Oxford Comma Poll

That was a line in the Sister Boniface episode that our local PBS channel showed just last Sunday!

This is the kind of inconsistency up with which I will not put. “And” is a type of coordinating conjunction that conjoins a pair of items, either words or clauses. It’s not a general-purpose list delimiter. That’s what a comma is used for – excuse me, it is that for which the comma is used. Even when there is no chance of ambiguity, the Oxford comma should be used for reasons of consistency.

It’s that first commonly understood usage of “and” that causes such difficulties when the Oxford comma is omitted in a list: the pair that it naturally conjoins is the last item and the second-last item. Whereas with the Oxford comma, the delineation of items is clear. The “and” is merely an indication of finality, an introduction to the last item in the list.

A guy I worked with years ago, used to ask, “Did you cross all your Ts and dot all your lower case Js?”

Clarity is important, unless you are a lawyer trying to obfuscate the truth or an accountant doing the same.

Ah, yes. There it is—the example I’ve never actually run into in practice.

My general feeling is to default to list, and use something besides commas if you need to set off an appositive-like statement. If I wanted to say that Jesus was my father, I might go with “I’d like thank my father (Jesus) and my mother” or even “I’d like to thank my Father—Jesus—and my mother.”

Yep. And that’s actually how I would transcribe it (most likely the latter way) if I wanted that meaning (that my father is Jesus).

Your wife and I would probably get along well. I match her on both of those. Crossing 7s seems to help reduce ambiguity with 1s (I also cross Zs, a habit I picked up in high school math classes to reduce ambiguity with 2s). As for the OC, it just makes sense and the list is consistent in formatting if it’s used.

It’s all those bloody prescriptivists who considered Latin the perfect language and tried to make English follow Latin rules, rot them.

I do not understand this reference. You’re supposed to dot the lowercase Js.

Does she dot her lower case Js?

Or engaged in a lawsuit with a cable company.

Telling people to rewrite an ambiguous sentence is fine at times.
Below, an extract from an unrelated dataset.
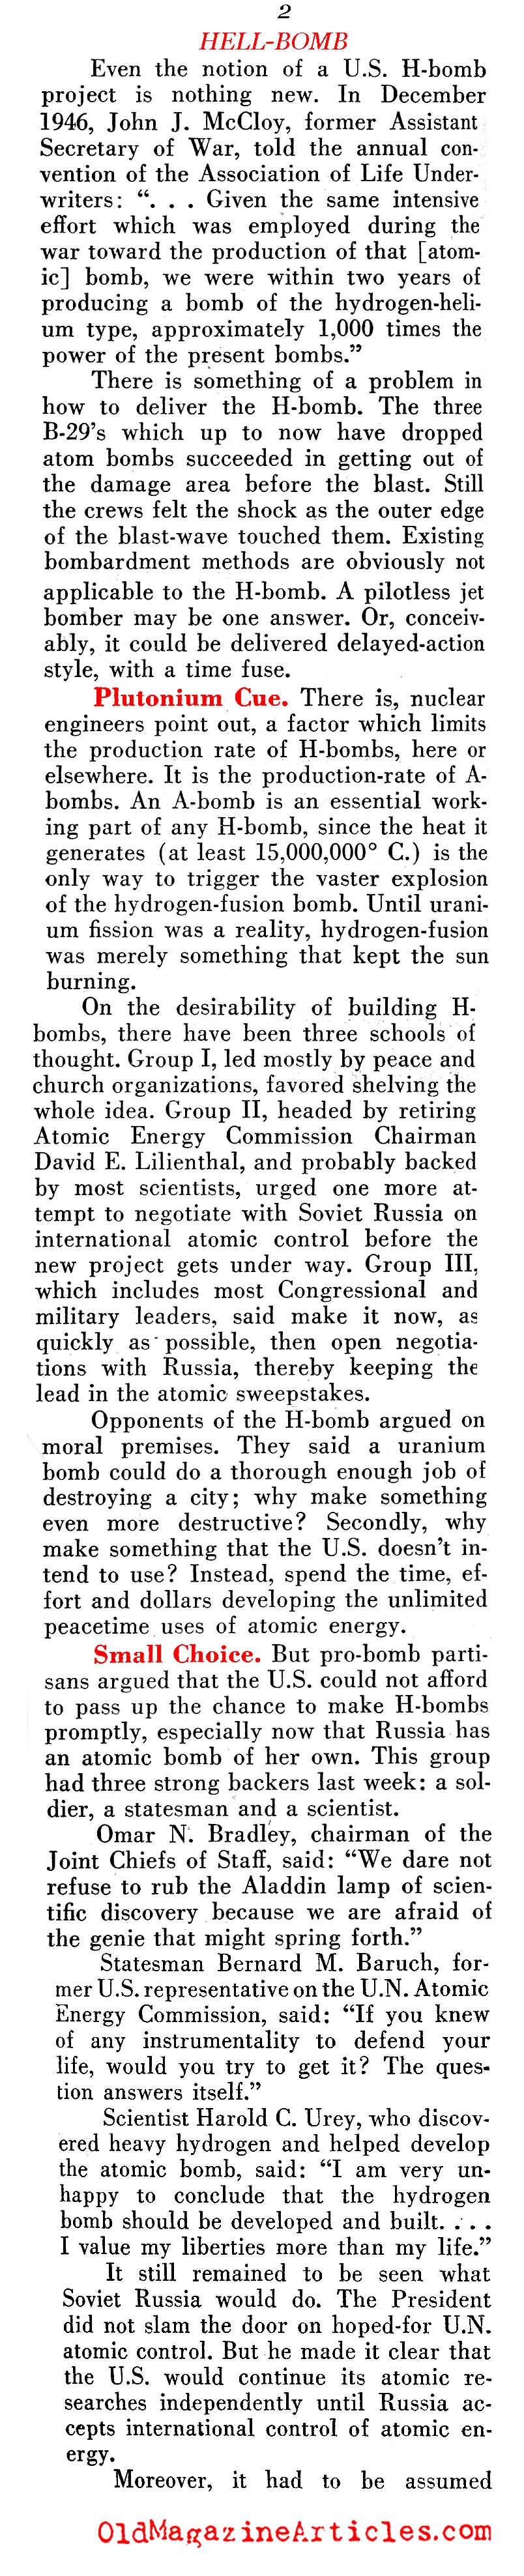 ''The Hell Bomb''  (Pathfinder Magazine, 1950)

But you can’t rewrite all of English. Grammarians have to deal with it in the raw.

I’ve always used the OC, even before I knew it had a name. Reasons:

  • It’s rarely wrong to use it.
  • Sometimes it’s needed for clarity.
  • I don’t want to forget it when I do need it.

On the other hand, I don’t look down on those lesser intellects who eschew it. :wink:

Greater intellects.

Because we understand without needing punctuation for children.

:slight_smile:

If you don’t like the Oxford comma, just replace it with a regular comma.
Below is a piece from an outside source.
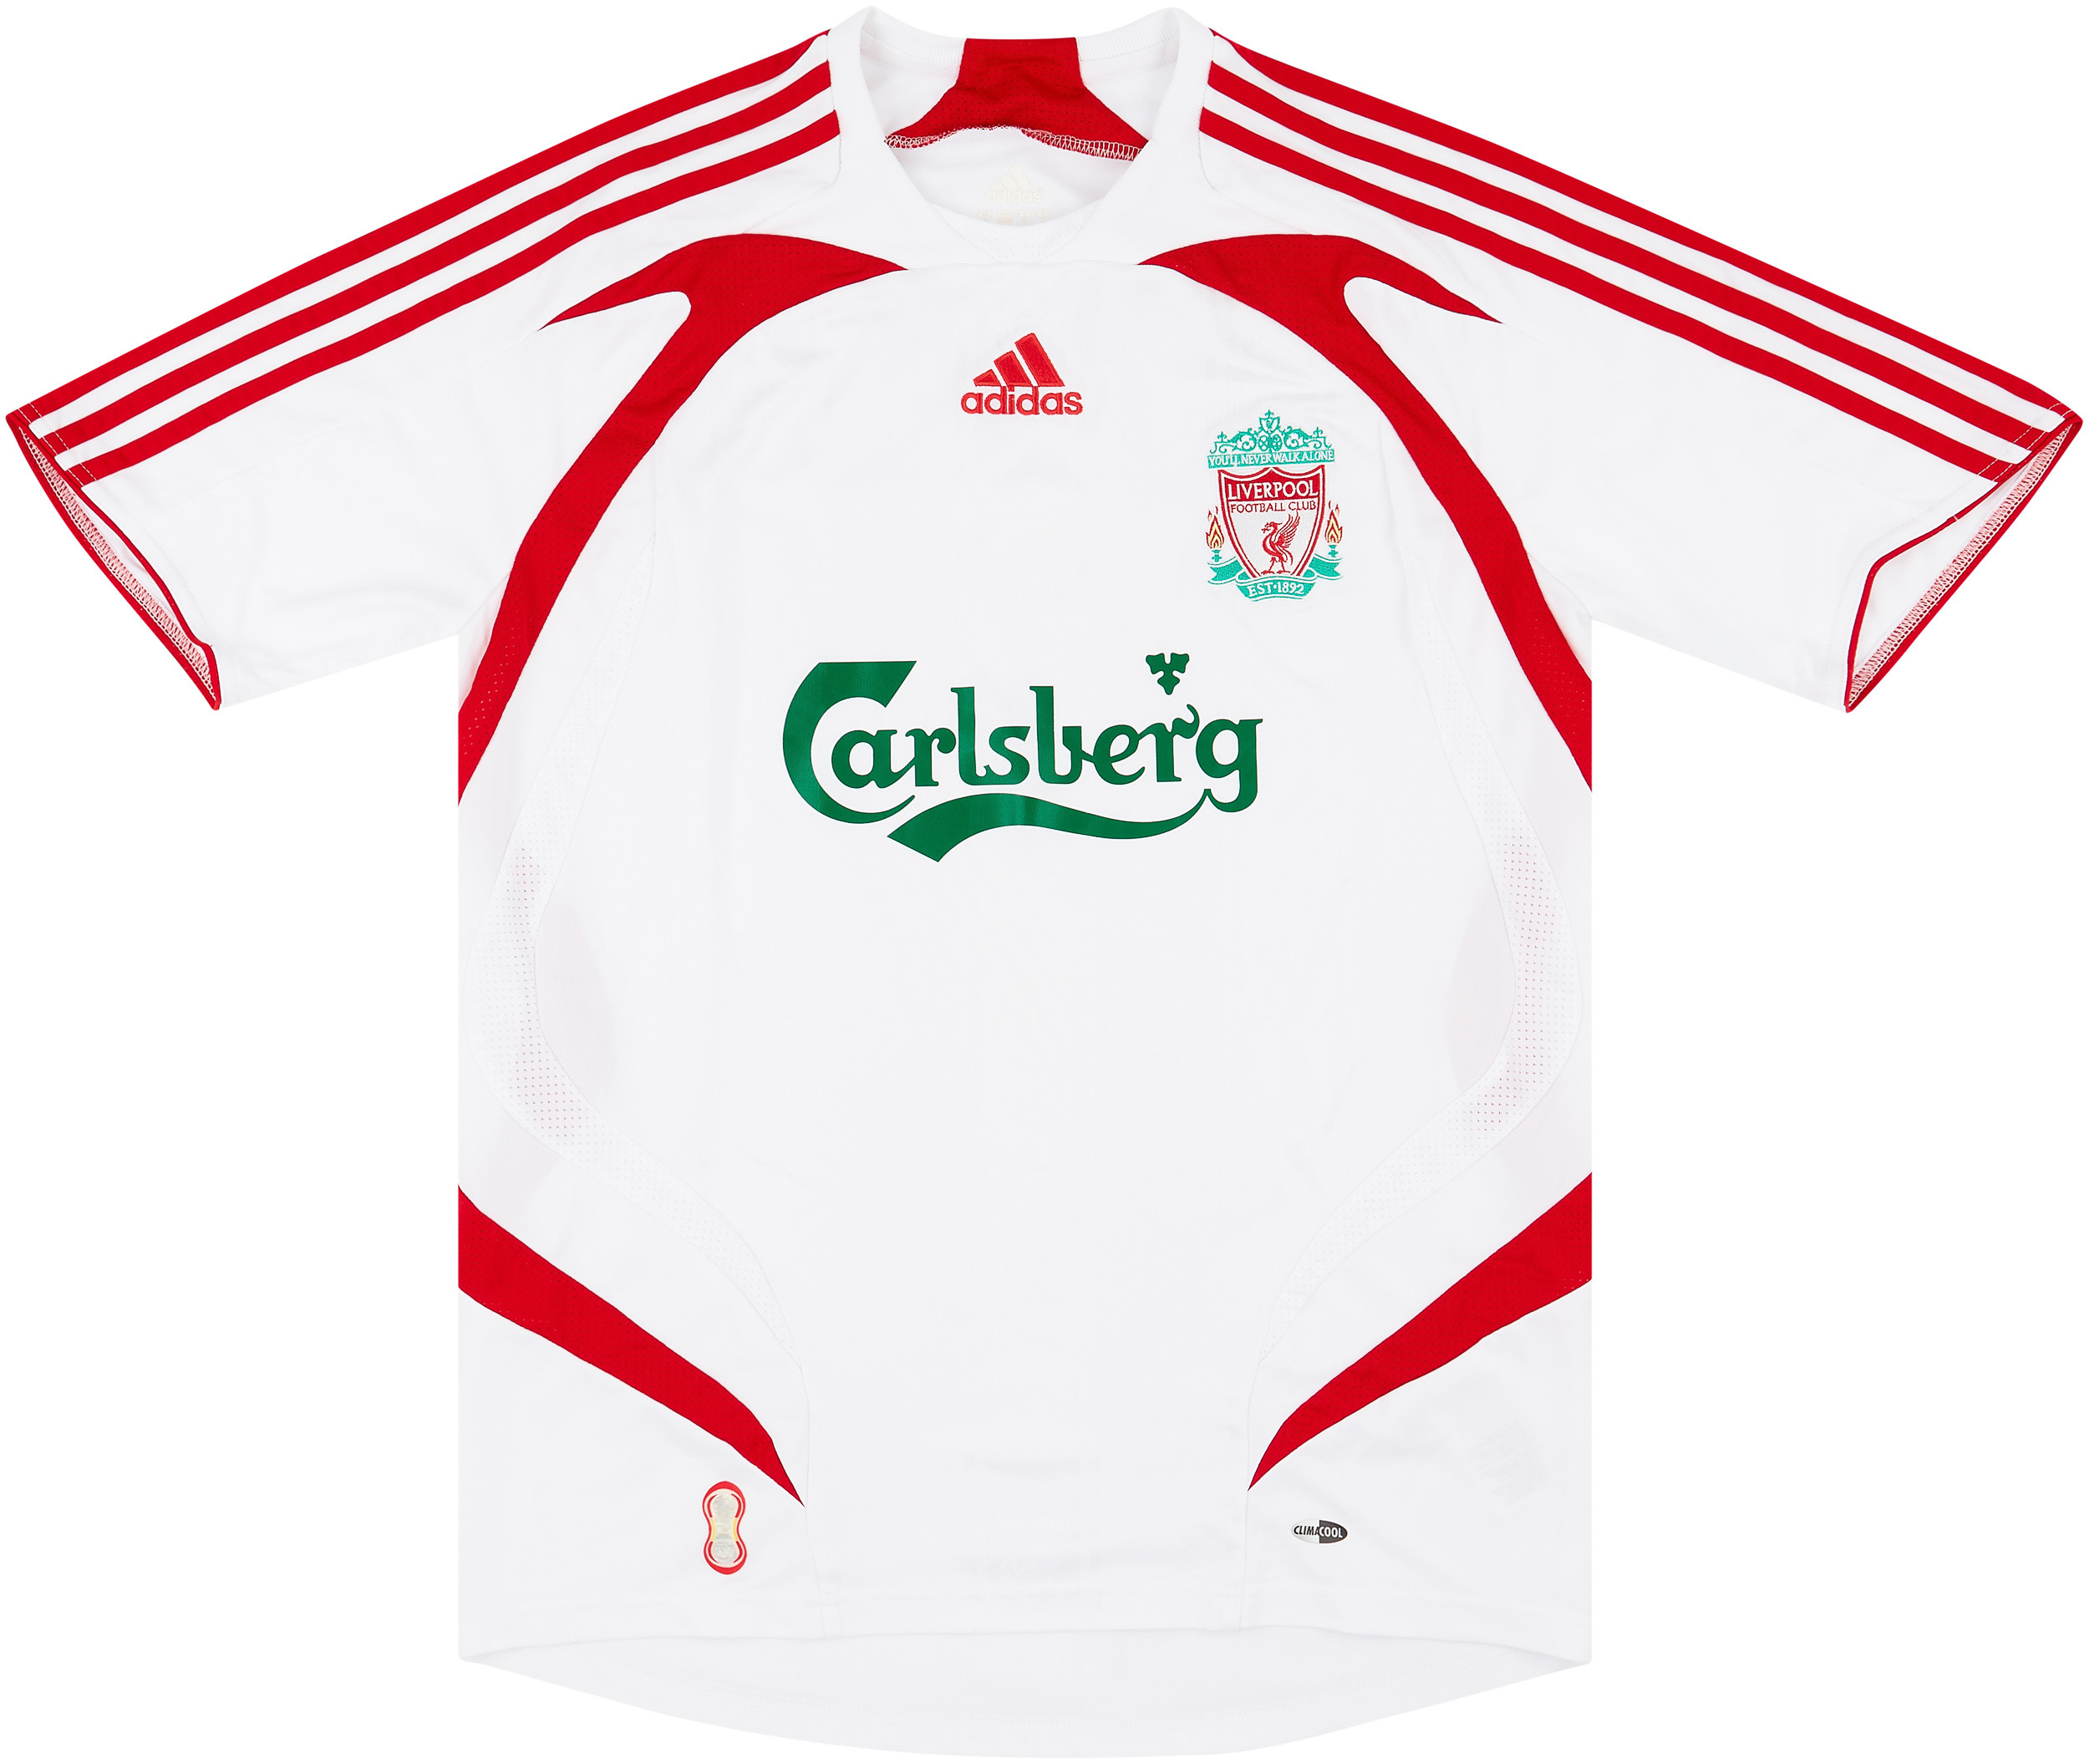 2007-08 Liverpool Away Shirt - 6/10 - ()

Would a GED comma suffice?

Yep, same here. But I do not always remember.

The folks in Cambridge would like to have a word with you.

In high school I was taught to not use the Oxford comma (it wasn’t called that, just was taught not including that last comma) but now I do since it seems to be the more accepted way these days.

I think the Oxford comma makes a sentence read better, and I think it adds clarity and consistency. But I wouldn’t get much fussed by it one way or another. Nor with using incomplete sentences once in a while. The biggest trainwreck of English is spelling, and that ain’t going to be fixed much, ever.

That’s where “[sic]” comes in.

This is probably my most snobbish opinion on anything, and I apologize in advance.

Redundant punctuation seems really . . . bourgeoisie . . . to me. Like, a person who learned to punctuate by rote and meticulously hyper-corrects just in case.

So I prefer the cleaner look of no Oxford comma, no periods at the end of sentences in bulleted lists (especially on slides), and no quote marks around like, mottos or in signatures.

But I recognize that this is my hang up.